Um dos efeitos colaterais do processo de ampliação dos meios de acesso à justiça, sobretudo com a popularização da judicialização de demandas junto aos juizados especiais, se dá com a ocorrência, cada vez mais frequente, do uso da engrenagem jurídica para fins alheios ao tão almejado anseio de injustiça.
Cientes de que a presença em ambiente forense ou policial ainda causa desconforto a muitos cidadãos, certos indivíduos costumam abusar do direito de ação, movendo ações infundadas, seja de natureza criminal ou mesmo cível, com o único e ardiloso propósito de provocar situações embaraçosas para eventuais desafetos.
Antes de adentrarmos no mérito do que se substanciam as práticas do crime de denunciação caluniosa e da prática da litigância de ma-fé, faz-se de suma importância o alerta ao cidadão que se encontrar em uma dessas situações, no sentido de que a primeira providência a ser tomada é procurar um profissional qualificado para adotar as providências cabíveis, notadamente um advogado ou um defensor público, a fito de que, por exemplo, pereça seu direito pelo decurso de prazo.
O ato de imputar a alguém a prática de uma conduta criminosa, como não raramente se observa no âmbito dos Juizados Especiais Criminais (JECRIM), frequentemente por meio de Queixas-Crimes noticiando, por exemplo, a falsa prática de crimes contra a honra ou de ameaça, configura crime de denunciação caluniosa, nos termos do art. 339 do Código Penal.
“Art. 339. Dar causa à instauração de investigação policial, de processo judicial, instauração de investigação administrativa, inquérito civil ou ação de improbidade administrativa contra alguém, imputando-lhe crime de que o sabe inocente”
A pena prevista para esse crime é de reclusão, de dois a oito anos, e multa.
Comprovada a prática do crime de denunciação caluniosa, além da repercussão penal a qual está sujeito o infrator, este ainda pode ser condenado à reparação cível dos danos causados ao acusado.
Já na esfera cível, o uso temerário do direito de ação tem seu reflexo mais intenso no fenômeno denominado litigância de má-fé.

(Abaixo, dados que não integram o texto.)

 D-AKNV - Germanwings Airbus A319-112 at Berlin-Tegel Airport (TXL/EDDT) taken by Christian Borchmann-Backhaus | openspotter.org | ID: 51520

Nos termos do art. 80 doCPC,
Considera-se litigante de má-fé aquele que:
I - deduzir pretensão ou defesa contra texto expresso de lei ou fato incontroverso;
II - alterar a verdade dos fatos;
III - usar do processo para conseguir objetivo ilegal;
IV - opuser resistência injustificada ao andamento do processo;
V - proceder de modo temerário em qualquer incidente ou ato do processo;
VI - provocar incidente manifestamente infundado;
VII - interpuser recurso com intuito manifestamente protelatório.
Conforme se nota, o uso do processo para fins de provocar constrangimento ou situação de embaraço para o réu, por exemplo, é prática vedada pelo ordenamento, devendo o magistrado, de ofício ou a requerimento, condenar o litigante de má-fé a pagar multa, que deverá ser superior a um por cento e inferior a dez por cento do valor corrigido da causa, a indenizar a parte contrária pelos prejuízos que esta sofreu e a arcar com os honorários advocatícios e com todas as despesas que efetuou, nos termos do Art. 81 do CPC.